Some commenters expressed skepticism about the novelty of the findings. One user argued that the prevalence of common chord progressions is well-established in music theory, and the analysis simply confirms what musicians already know. Another commenter suggested that the focus on chord progressions alone overlooks other important aspects of music, such as melody, rhythm, and timbre.
Despite these criticisms, several commenters found the analysis intriguing. One user appreciated the visualization of the chord progression network, finding it a helpful way to understand the relationships between different chords. Another user expressed interest in exploring the dataset further, suggesting potential applications for music generation and analysis. A commenter also raised the question of cultural influences on chord progressions, wondering if certain progressions are more common in specific genres or regions.

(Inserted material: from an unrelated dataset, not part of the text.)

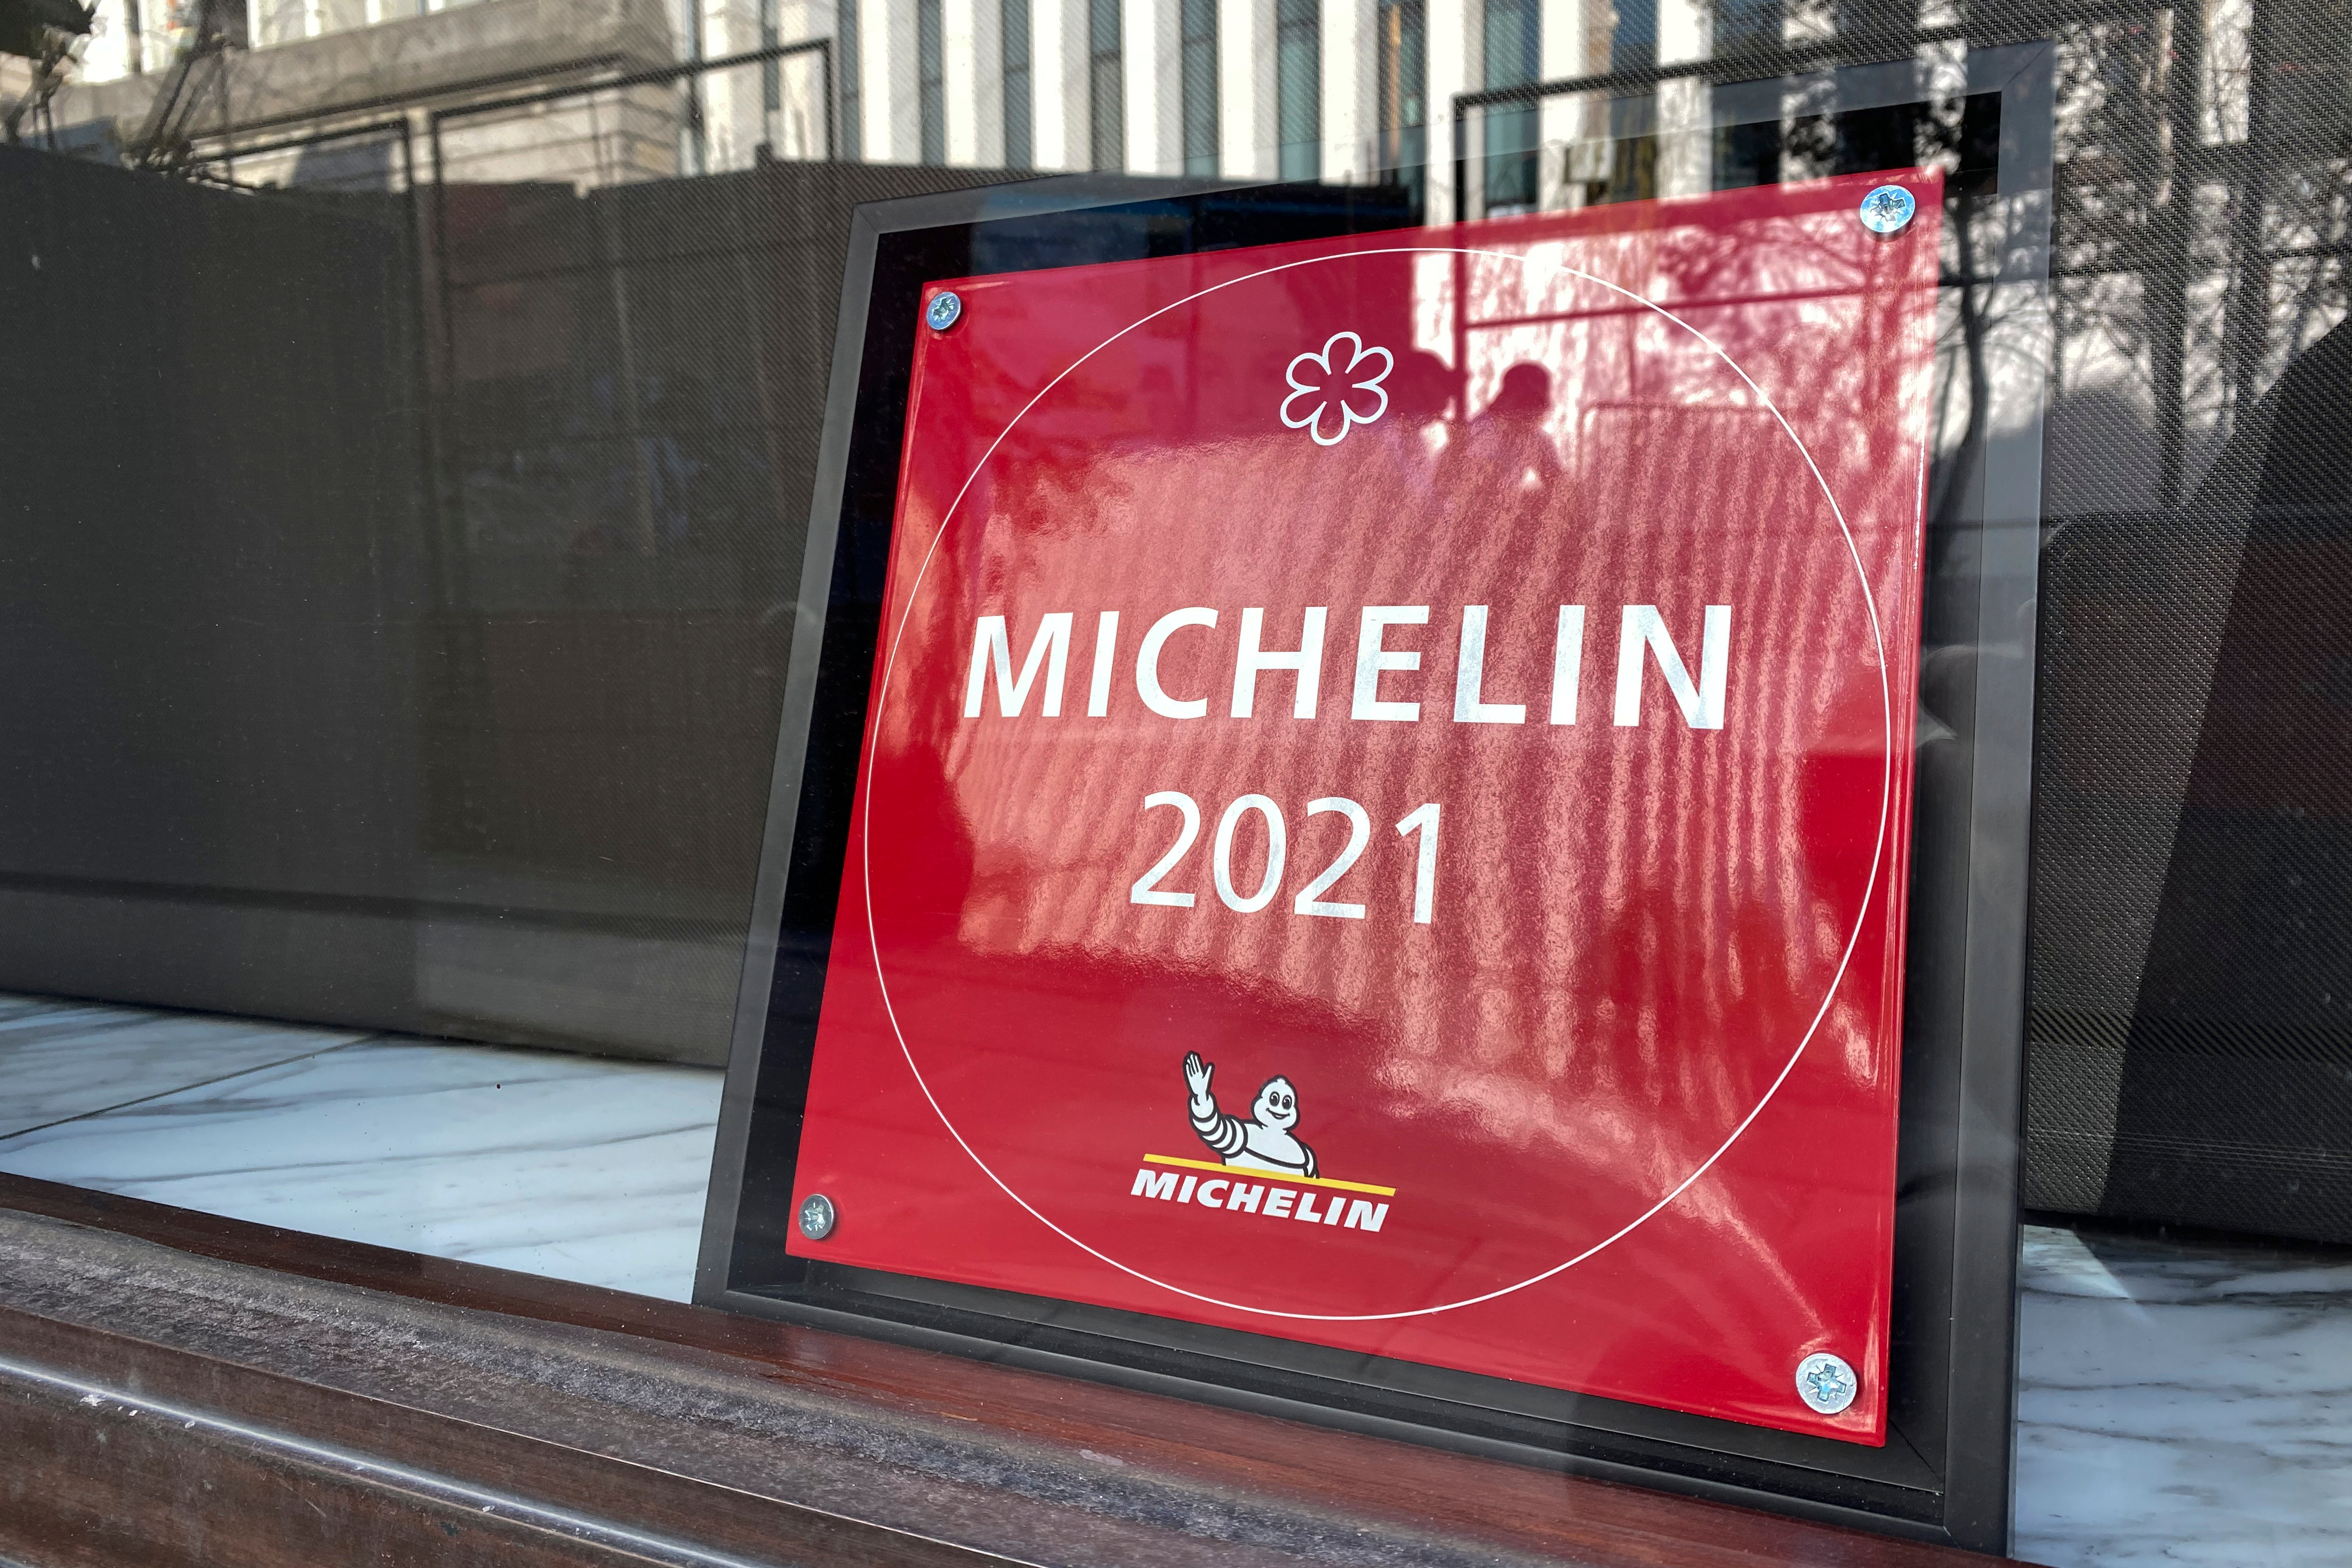 A Michelin 2021 sign sits behind a shop window

Several users discussed the limitations of using only harmonic information to analyze music. They pointed out that melody, rhythm, and instrumentation play crucial roles in a song's overall impact. One commenter argued that while common chord progressions might be prevalent, they can be used in vastly different ways to create unique musical experiences.
A few commenters also shared their own experiences with music analysis and composition. One user mentioned using Markov chains to generate melodies, while another discussed the importance of understanding music theory for aspiring composers. These comments added a personal touch to the discussion and highlighted the practical applications of music analysis.